Students who live in the area around Friendswood, but are in unincorporated Harris County with address listed as Friendswood or Webster attend Greene Elementary School or Landolt Elementary School in unincorporated Harris County for elementary schools. For middle school they are zoned to Westbrook Intermediate School in Houston.

===Public libraries===
The Friendswood Public Library at 416 South Friendswood Drive serves Friendswood.

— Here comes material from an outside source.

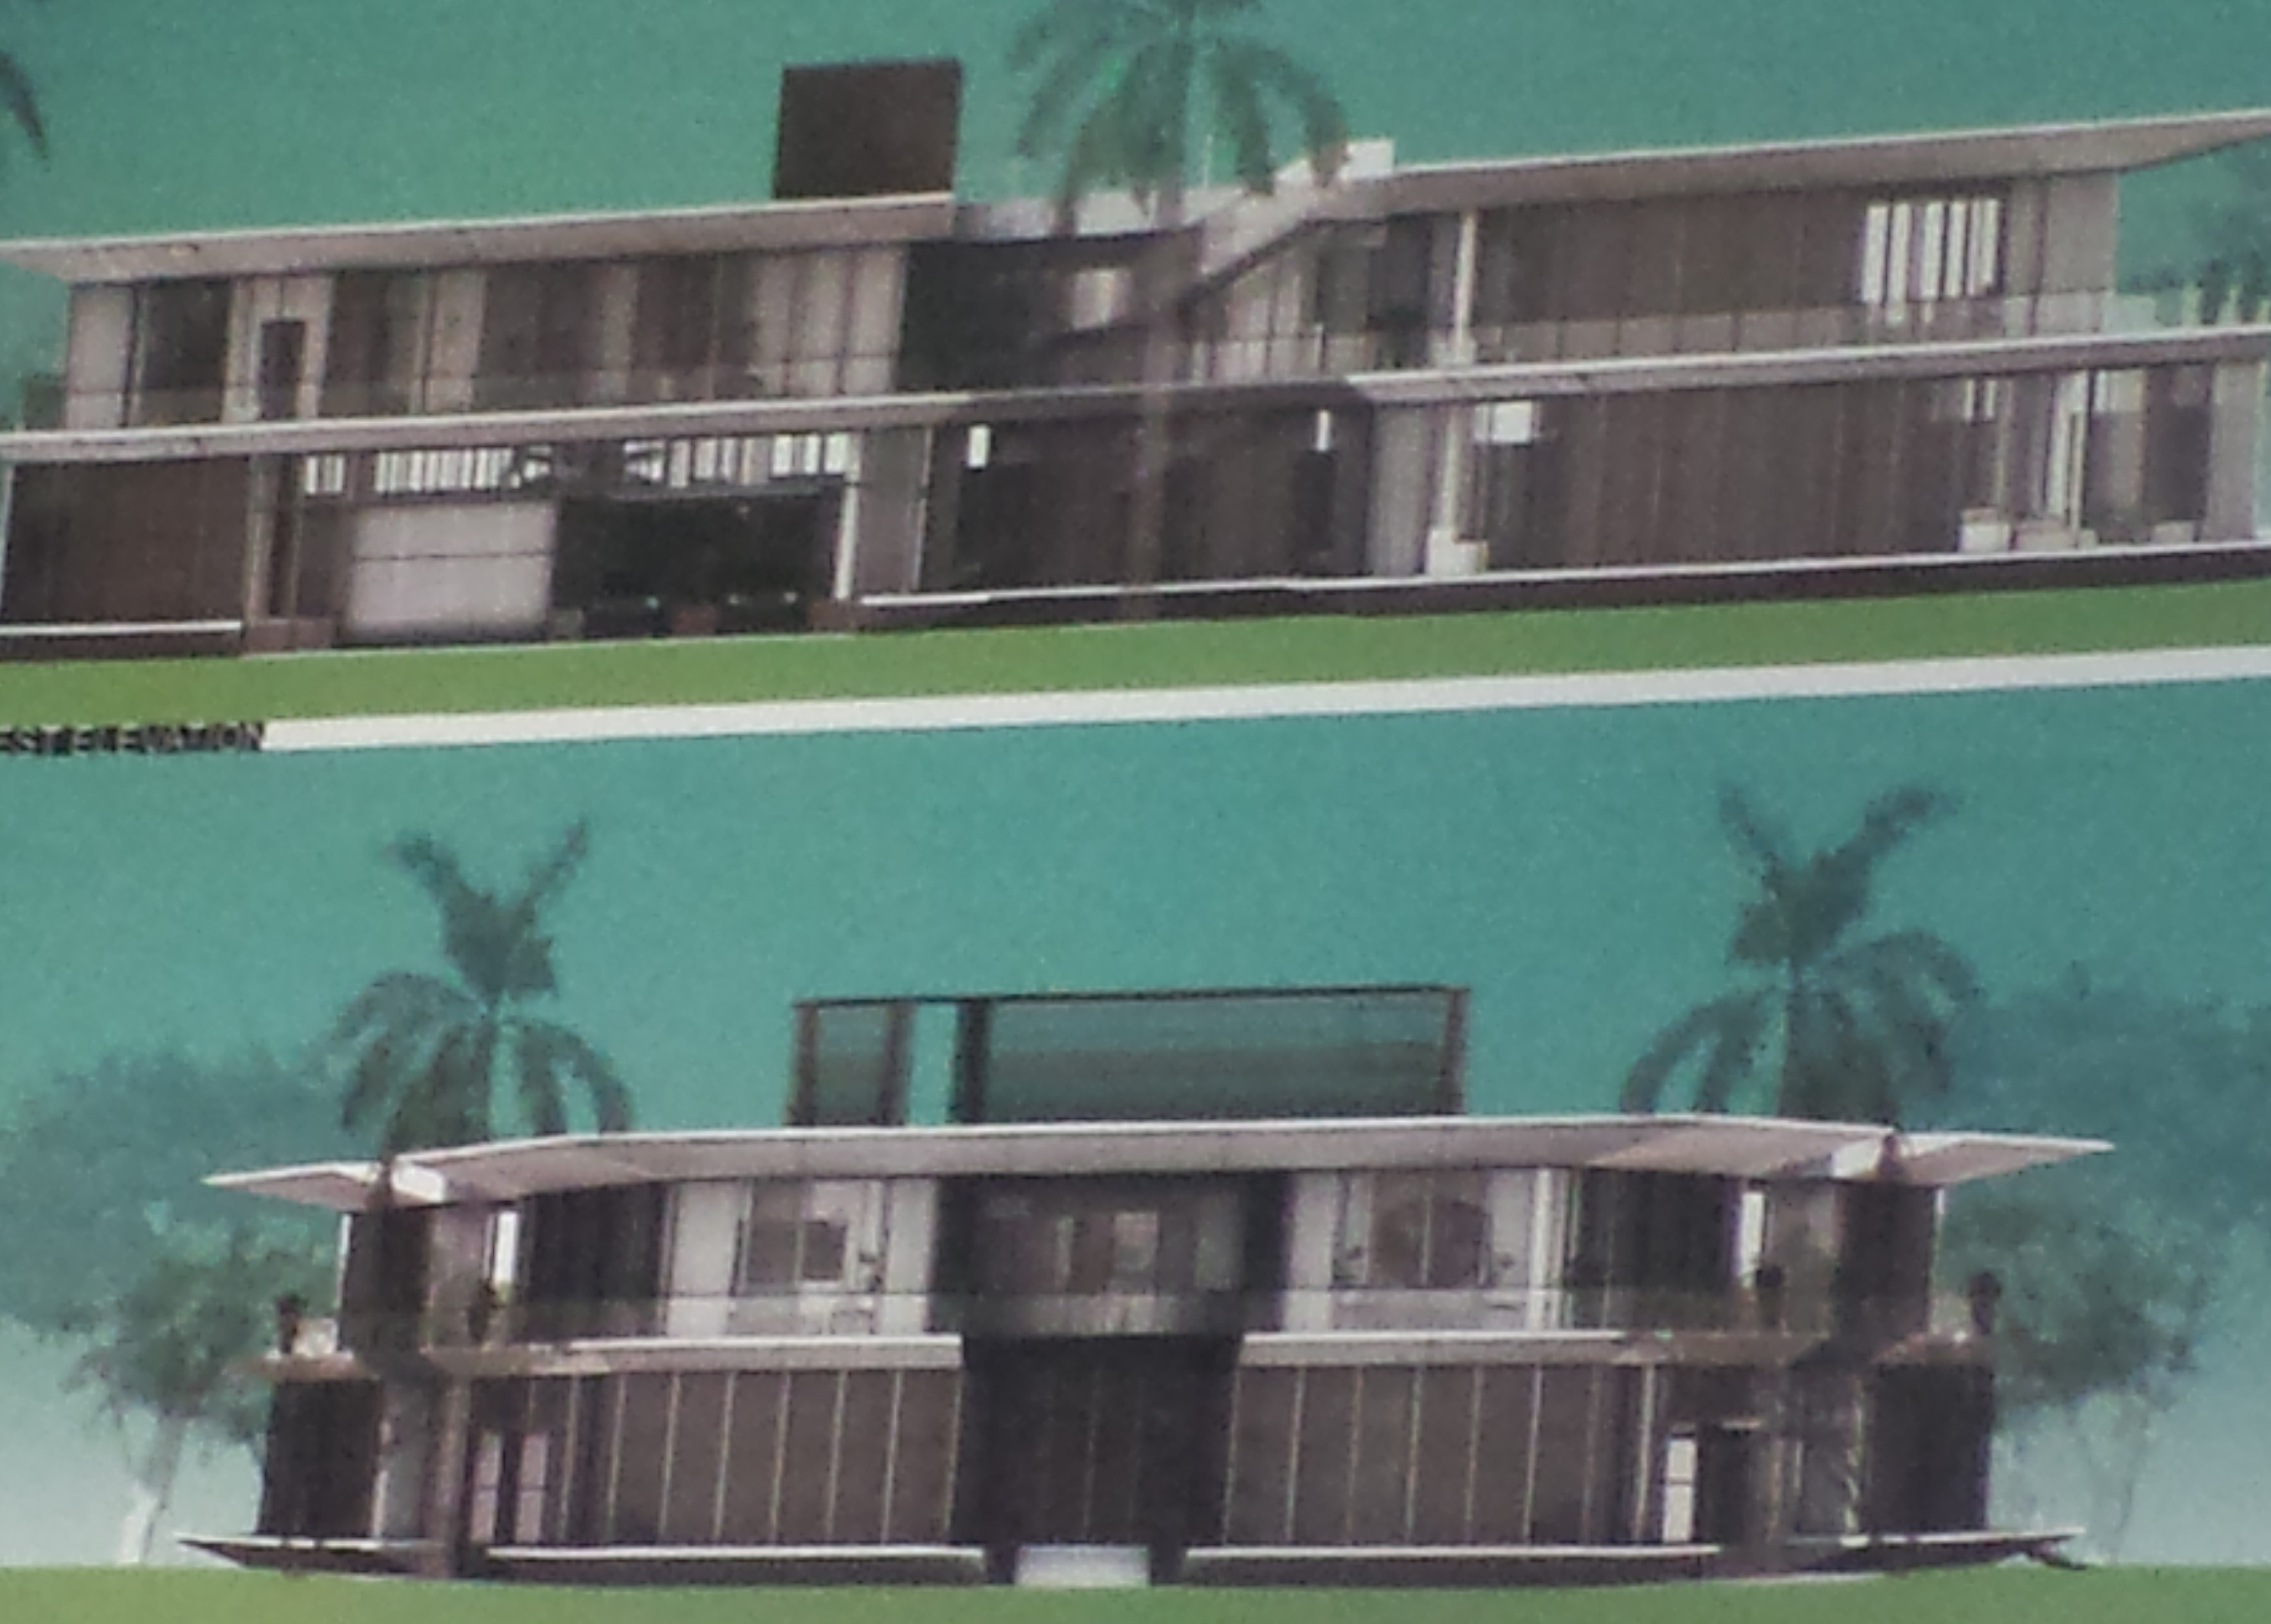 Renderings of Shay Kostiner's proposed mansion at 44 Star Island (Credit: Ricardo Bofill)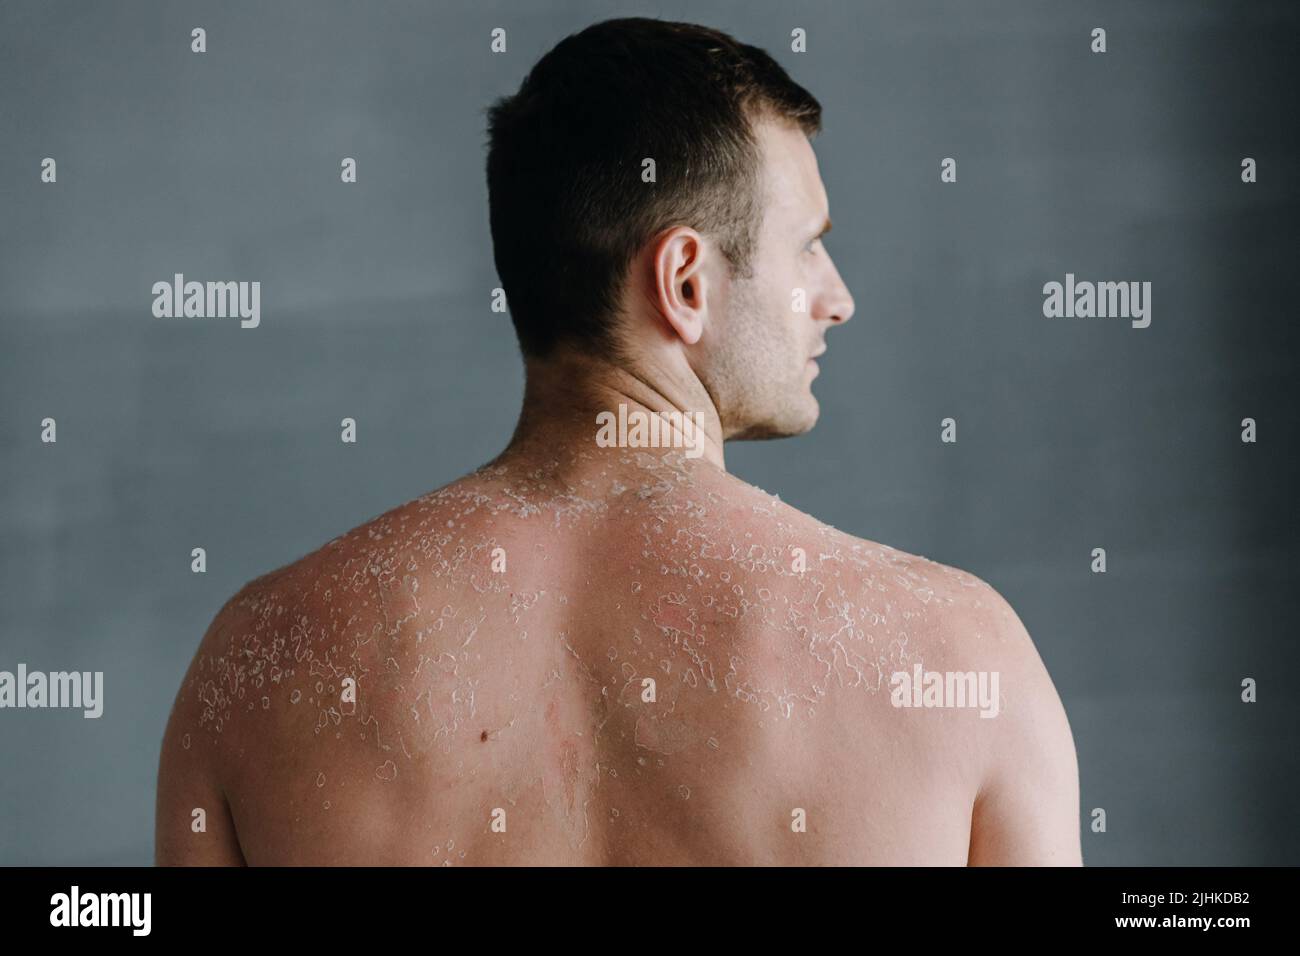 Dermatological conditions of peeling skin on man's back and shoulders Stock Photo

===Colleges and universities===
The Friendswood ISD area is assigned to College of the Mainland, while the portion of Clear Creek ISD in Harris County (and therefore the Harris County part of Friendswood) is assigned to San Jacinto College.

==Controversy==
In 2011, the City of Friendswood locked access to its computer system, e-mail and online services after hackers extracted hundreds of emails from then Police Chief Robert Wieners and posted them online. Wieners allegedly wrote an e-mail in which he described a suspect as a “stupid bitch” who “got what she deserved.” Wieners then goes on to state “I’ll bet she was fat and black too.” Wieners denied he was the creator of the e-mail. The hackers also claimed Wieners' e-mail account contained an anti-Muslim chain e-mail entitled “1,400 years of inbreeding amongst Muslims.”

==Notable people==

- Greg Bonnen, neurosurgeon and Republican member of the Texas House of Representatives from Friendswood
- Stephen Bowen, NASA astronaut and a United States Navy submariner.
- Katie Rose Clarke, Broadway actor, famous for the roles of Clara in Light in the Piazza, Glinda in Wicked, and Hannah in Allegiance
- Haley Carter, former Houston Dash soccer player
- Robin Coleman, American Gladiator Hellga, 2001 World's Strongest Woman (bronze)
- Charles L. Cotton, president of the National Rifle Association of America (NRA)
- Penny Edwards, actress known for many western films; died in Friendswood
- R'Bonney Gabriel, beauty queen, model, fashion designer, Miss Universe 2022
- Joseph Gutheinz, attorney and investigator of stolen and missing Moon rocks
- Suzanna Hupp, former member of the Texas House of Representatives
- Corey Julks, MLB player
- Christopher C. Kraft Jr., aerospace engineer and NASA administrator
- Glynn Lunney, NASA flight director
- Bill McArthur, retired United States Army colonel and NASA astronaut
- Balor Moore, former MLB pitcher resides in Friendswood
- Ronnie Price, NBA basketball player
- Bruce Prichard, executive director for WWE and co-host of Something to Wrestle with Bruce Prichard
- Ryan Sitton, Republican nominee for the Texas Railroad Commission in the November 4, 2014, general election
- Deke Slayton, Mercury Seven astronaut and NASA administrator
- Rene Steinke, novelist and author of the 2014 novel Friendswood
- Steve Stockman, politician
- Booker T, and spouse Sharmell Sullivan-Huffman – professional wrestling personalities
- Larry Taylor, Republican member of the Texas Senate from District 11 (2013–Present) and Texas House of Representatives from District 24 (2003–2013)
- Randy Weber, Republican member of the U.S. House of Representatives from Texas's 14th congressional district (2013–Present) and former member of the Texas House of Representatives (2009–2013)

==Climate and weather==
The climate in this area is characterized by hot, humid summers and generally mild to cool winters. According to the Köppen climate classification, Friendswood has a humid subtropical climate, Cfa on climate maps.

Friendswood has a historical reputation among Friends, Friendswood inhabitants, for extreme weather due to the close proximity to Galveston Island and therefore the Gulf of Mexico. In recent history Friendswood was devastated by Hurricane Harvey in 2017, a category 4 hurricane, along with Hurricane Beryl of 2024. After numerous major storms swept through southeastern Texas, where Friendswood is located, residents began building houses above ground to avoid flooding. Major flooding is caused by the rise of Clear Creek, a body of water near the suburbs of Polly Ranch.